[[ PROVIDED MATERIAL open ]]

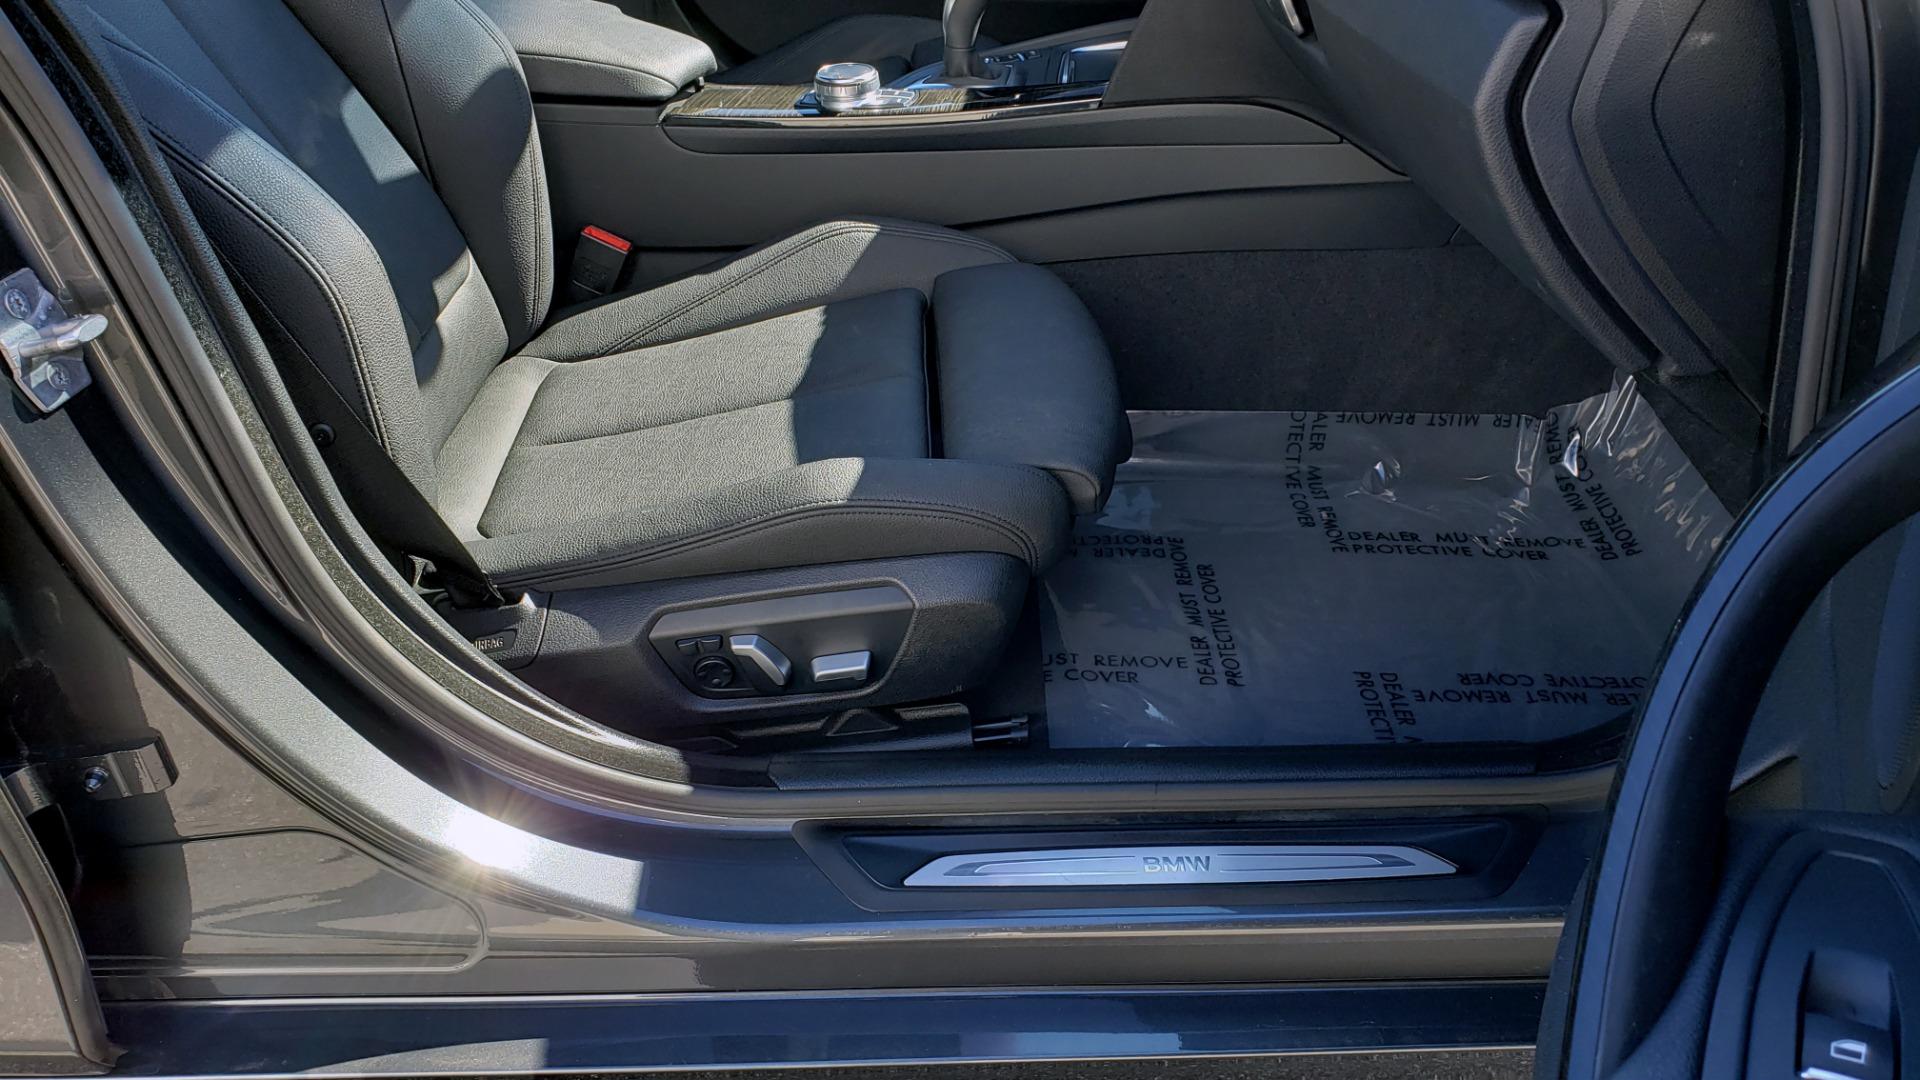 Used 2018 BMW 4 SERIES 430IXDRIVE / PREMIUM / NAV / SUNROOF / ESSENTIALS PKG for sale $29,495 at Formula Imports in Charlotte NC 28227 65
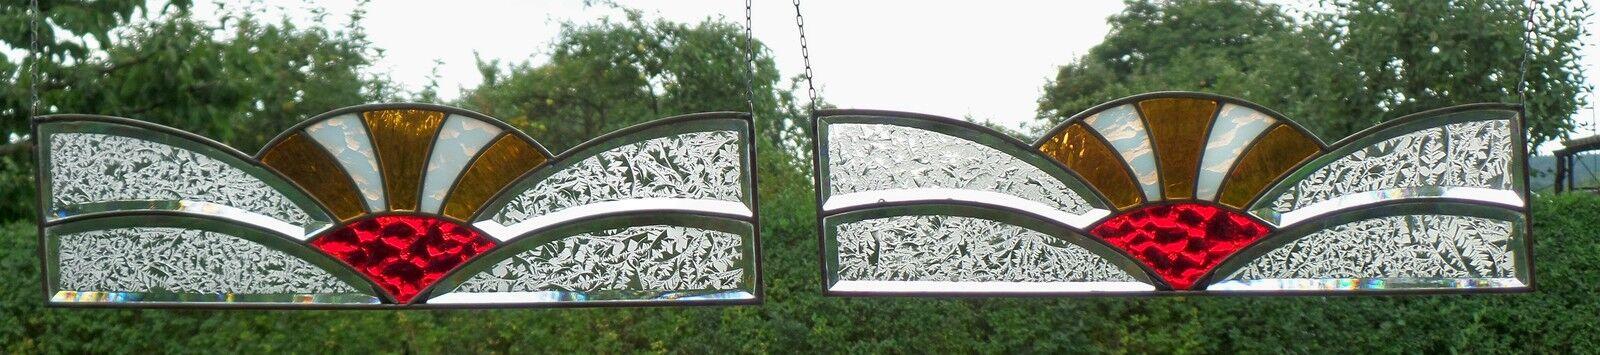 Stained Glass Leaded 2 St.Window Image Screening brisevue Original Art Deco
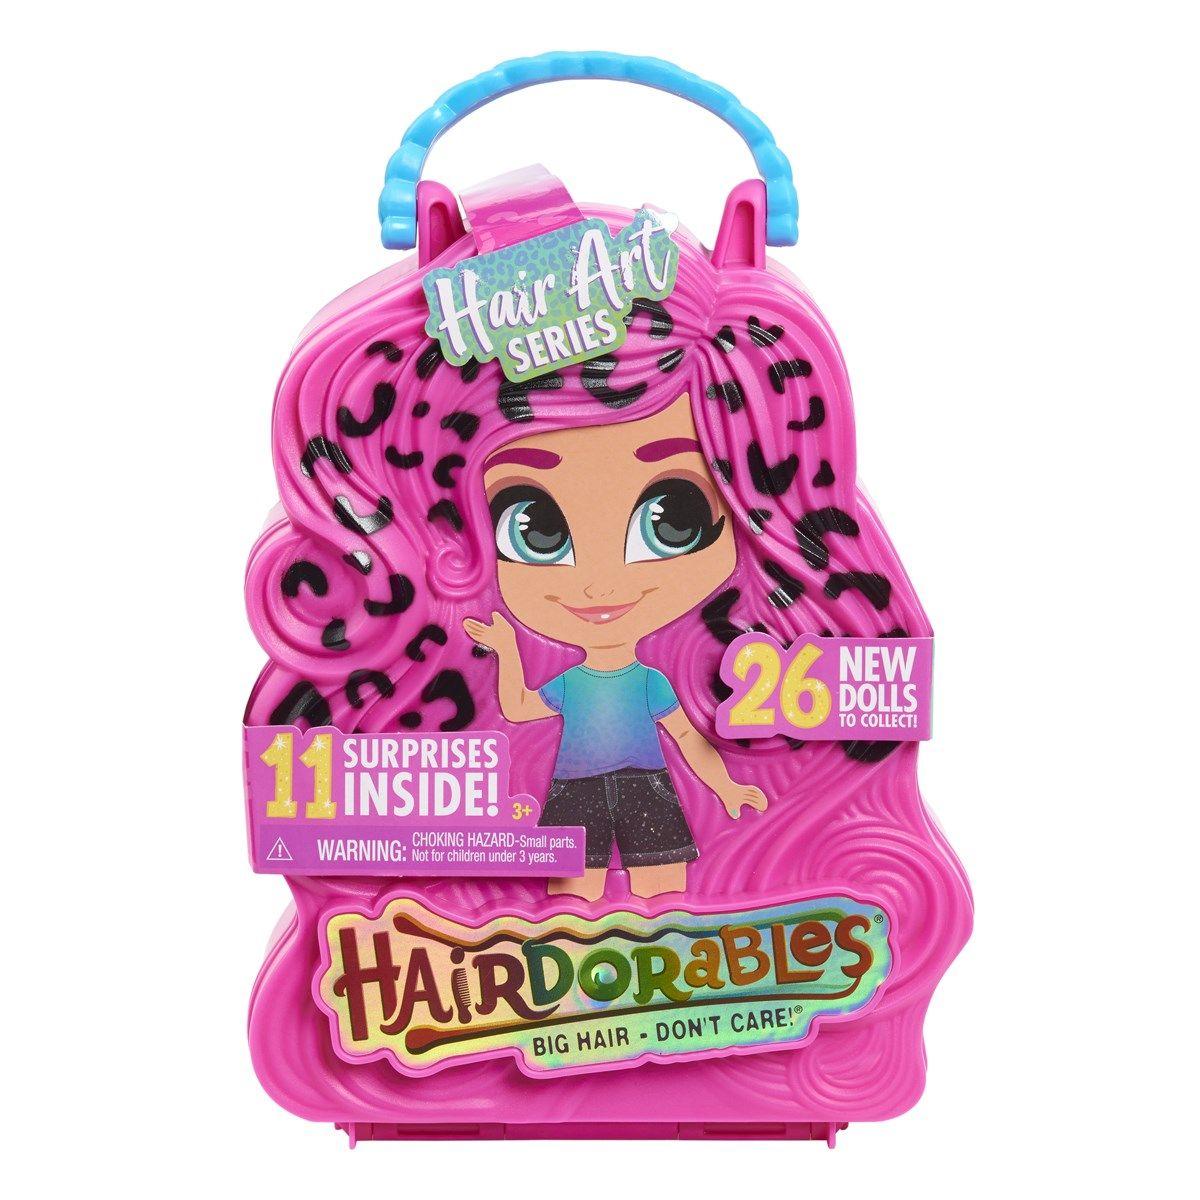 Hairdorables - Doll Series 5 (903-23850)

[[ PROVIDED MATERIAL closed ]]

BRIEF:
The data above must be given back verbatim, minus its images.

OUTPUT BELOW:
 Used 2018 BMW 4 SERIES 430IXDRIVE / PREMIUM / NAV / SUNROOF / ESSENTIALS PKG for sale $29,495 at Formula Imports in Charlotte NC 28227 65
 Stained Glass Leaded 2 St.Window Image Screening brisevue Original Art Deco
 Hairdorables - Doll Series 5 (903-23850)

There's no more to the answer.